= The Kentucky FFA Association =

The Kentucky FFA Association is a student-led organization centered around agricultural education and career development. Serving as Kentucky's Chapter of the National FFA Organization, the primary goal is to follow the wider organizations stated mission.

The Kentucky FFA Association is currently led by a team of 12 State FFA Officers representing all 12 regions of The Kentucky FFA Association—a President, Vice President, Secretary, Treasurer, Reporter, Sentinel, and six Regional Vice Presidents. The Kentucky FFA Association is home to 144 high school chapters and 12 middle school chapters as of the year 2017.

==History==

The Kentucky FFA Association was founded on April 16, 1930, at The Brown Hotel in Louisville, Kentucky. In 1937, the Kentucky FFA Leadership Training Center was founded in Hardinsburg, Kentucky; where the Kentucky FFA Association archives are located and it still remains the location of Kentucky FFA Camp today. In 1957, Howard Downing (of Jessamine County) became the first National FFA President from Kentucky. Kenneth Kennedy (of Trigg County) became the next National FFA president from Kentucky in 1964. In 1977, 12 years after the New Farmers of America and the Future Farmers of America merged to create one organization, The Kentucky FFA Association had its first African American state president Steve Washington (of Adairville). In 1979, Pam Brinkley was elected the first female State FFA Officer in Kentucky. In 1984, Kentucky had its third National FFA President Steve Merideth (of Hardin County). In 1987, The Kentucky FFA Foundation, which raises and manages funds for the organization, was formed. In 1989, 20 years after females were allowed to join the FFA Organization, Susan Smitson (of Jessamine County) was the first female Kentucky FFA State President. In 2012, Joenelle Futrell (of Daviess County) was elected as the first female National FFA Officer from Kentucky.

==Events==

There are few events put on at the state level each year by the Kentucky FFA Association. These include the Annual Kentucky FFA State Convention (held at Rupp Arena each June in Lexington, Kentucky), Kentucky FFA Camp (which runs five weeks out of the summer and is held at the Kentucky FFA Leadership Training Center in Hardinsburg, Kentucky), The Rising Sun Conference (held in July at the Kentucky FFA Leadership Training Center in Hardinsburg, Kentucky), and the Blue and Gold Gala (held in various locations across Kentucky).
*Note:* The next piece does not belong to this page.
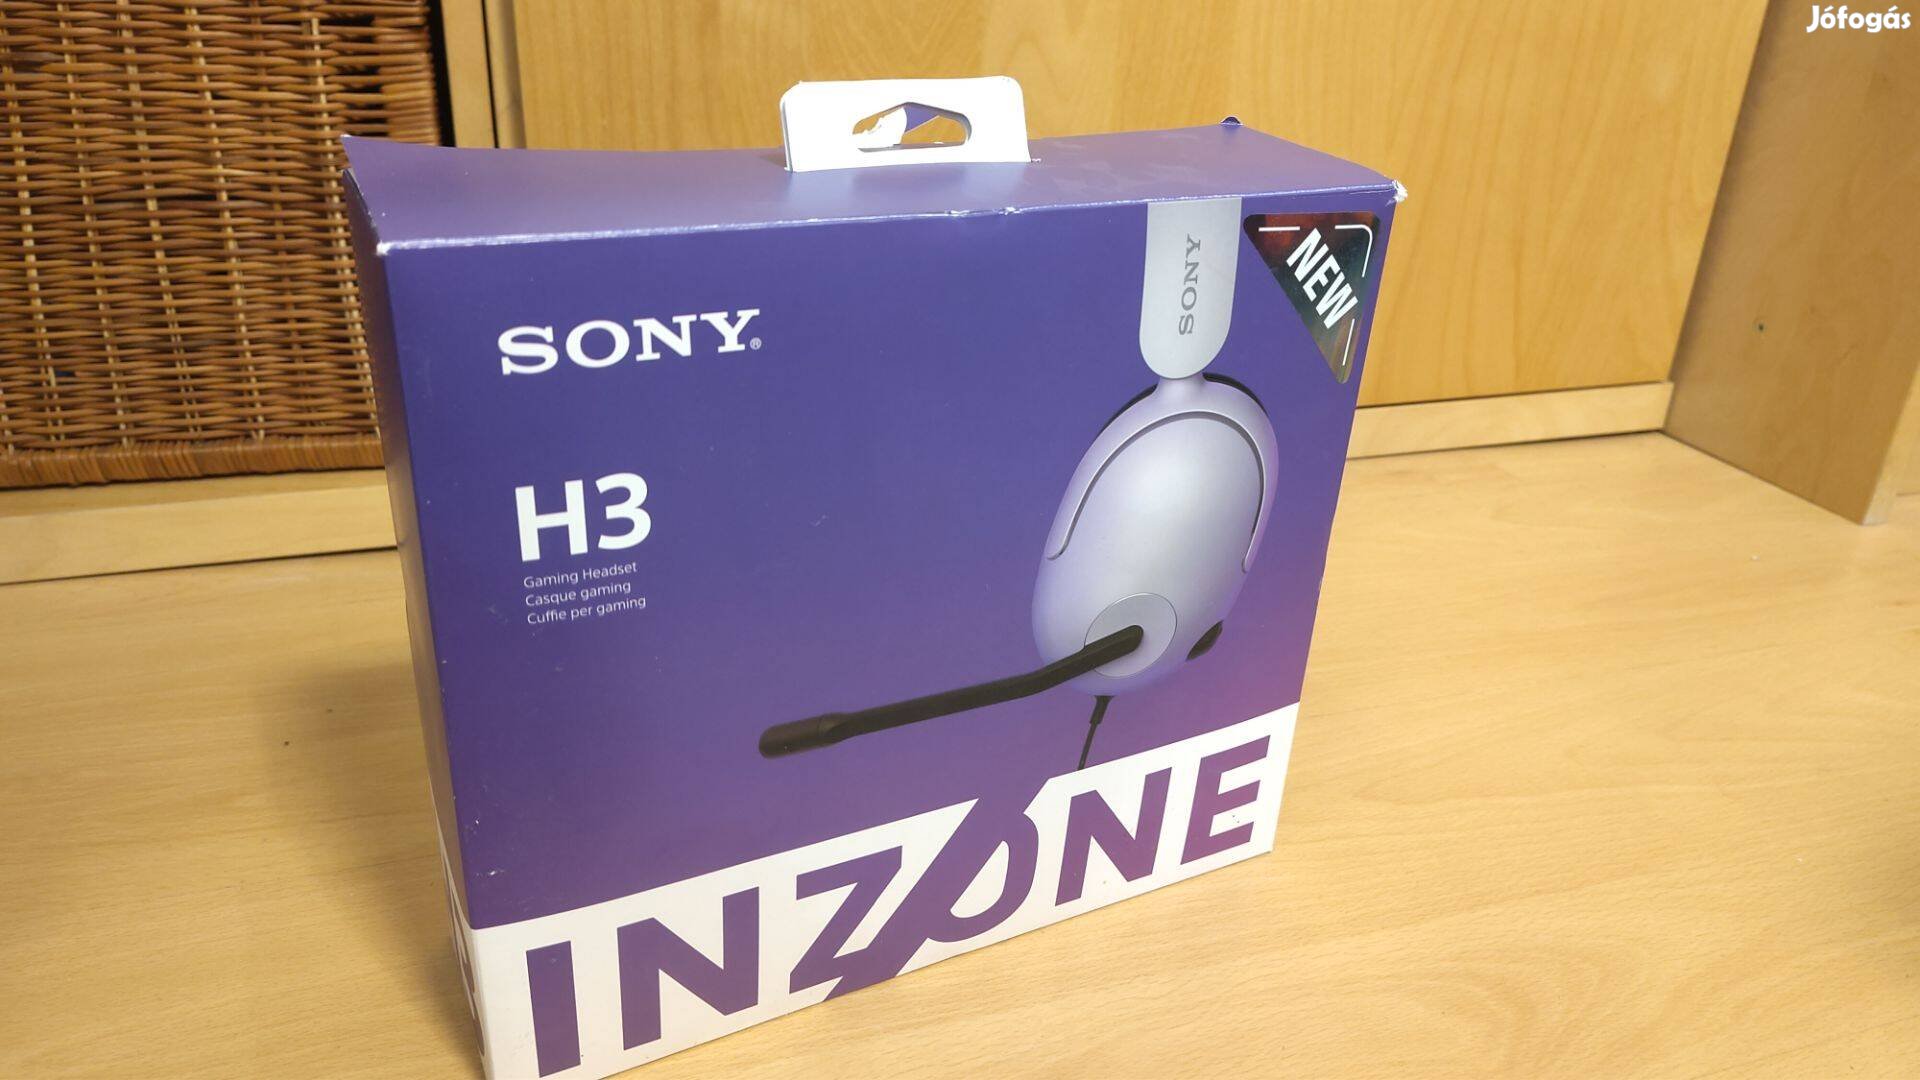 PS5/PC Inzone H3 Sony fejhallgató
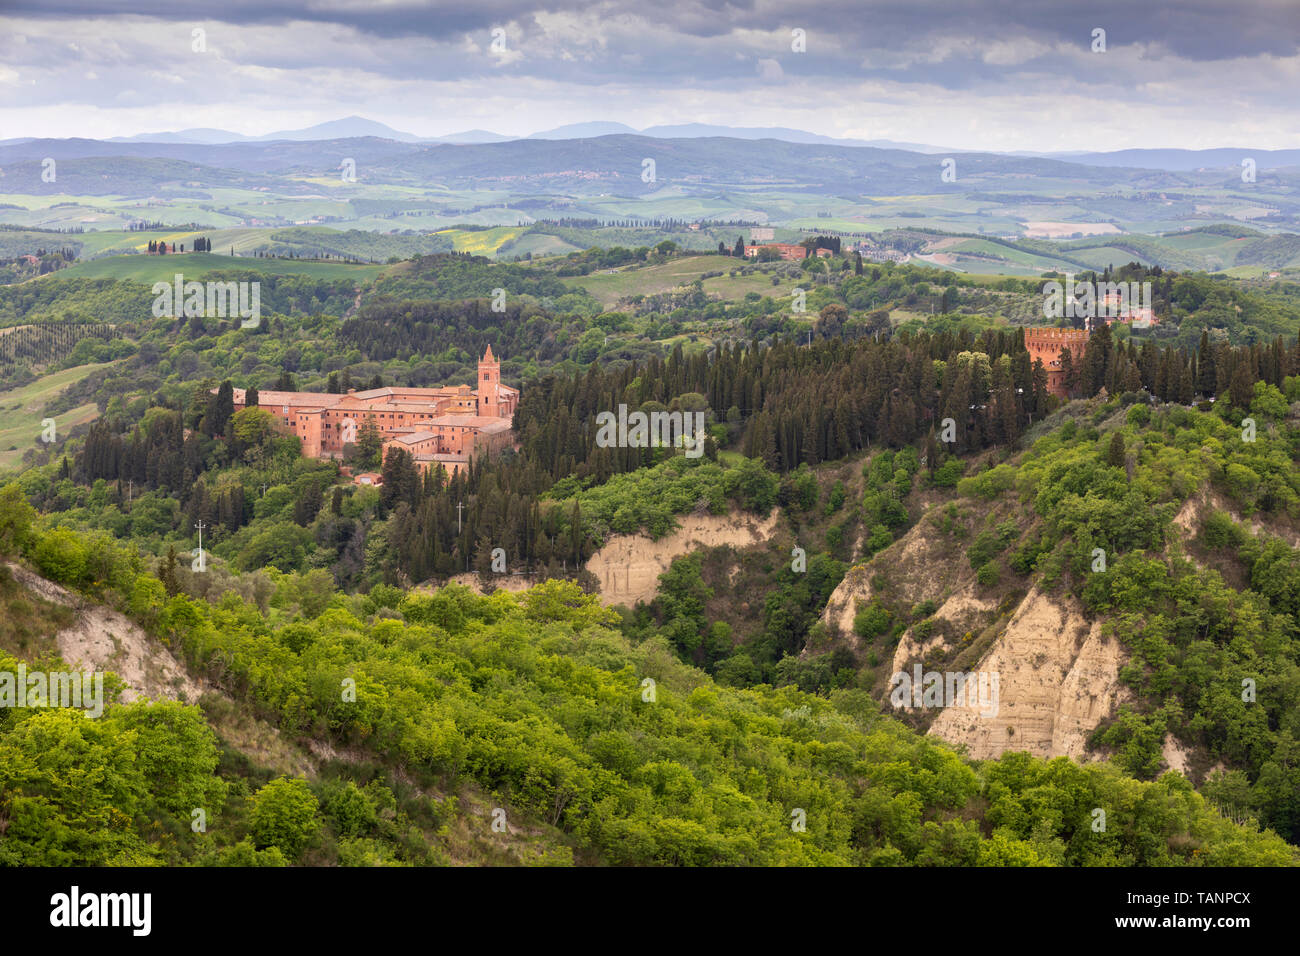 Abbazia di Monte Oliveto Maggiore monastery and Tuscan landscape, Chiusure, Siena Province, Tuscany, Italy, Europe Stock Photo

The Annual Kentucky FFA State Convention is where students who have won competitions on the regional level come to compete at the state level. It is also where the State FFA Degree is awarded to members and where the State Stars in Agriculture are named. Each chapter submits forms to be ranked by their accomplishments and work done throughout the school year—chapters can receive a gold, silver, or bronze star ranking. It is also where the new Kentucky FFA State Officer team is interviewed and elected by the Nominating Committee.

Kentucky FFA Camp is where students from every FFA chapter in Kentucky are invited to spend the week learning leadership skills, preparing for the school year ahead, and participating in athletic competitions. During Kentucky FFA Camp, a Camp Council is elected to serve as an Officer Team for the respective week of camp. Camp council is responsible for raising and lowering the American flag each day and for delivering reports during each session. Students can also take classes to learn trade skills (e.g. welding, tractor driving, electrical safety, etc.).

The Rising Sun Conference is open to two officers from every chapter of the Kentucky FFA Association and serves as a way to unify beliefs and share ideas across the state of Kentucky. The members spend a weekend with counterparts from across the state comparing programs of activities and ideas to incorporate into their chapters. The conference also serves as a time where the Kentucky FFA State Officer team can express their goals for the coming year and challenge the officers at the chapter level to help carry them out.

The Blue and Gold Gala is hosted by the Kentucky FFA Foundation and serves as a fundraiser for the organization. Anyone is invited to event where funds are raised through ticket sales, donations, silent auction items, and live auction items.

==Leadership==

The Kentucky FFA Association is currently led by a team of 12 Kentucky FFA State Officers which are high school graduates who are selected through an interview process at the regional and then state level. The team is supported by four full-time staff members: an Executive Secretary (currently Matt Chaliff), a State Advisor (currently Kristen Wright), a Foundation Director (currently Ms. Sheldon McKinney), and an FFA Camp Director (currently Josh Mitcham).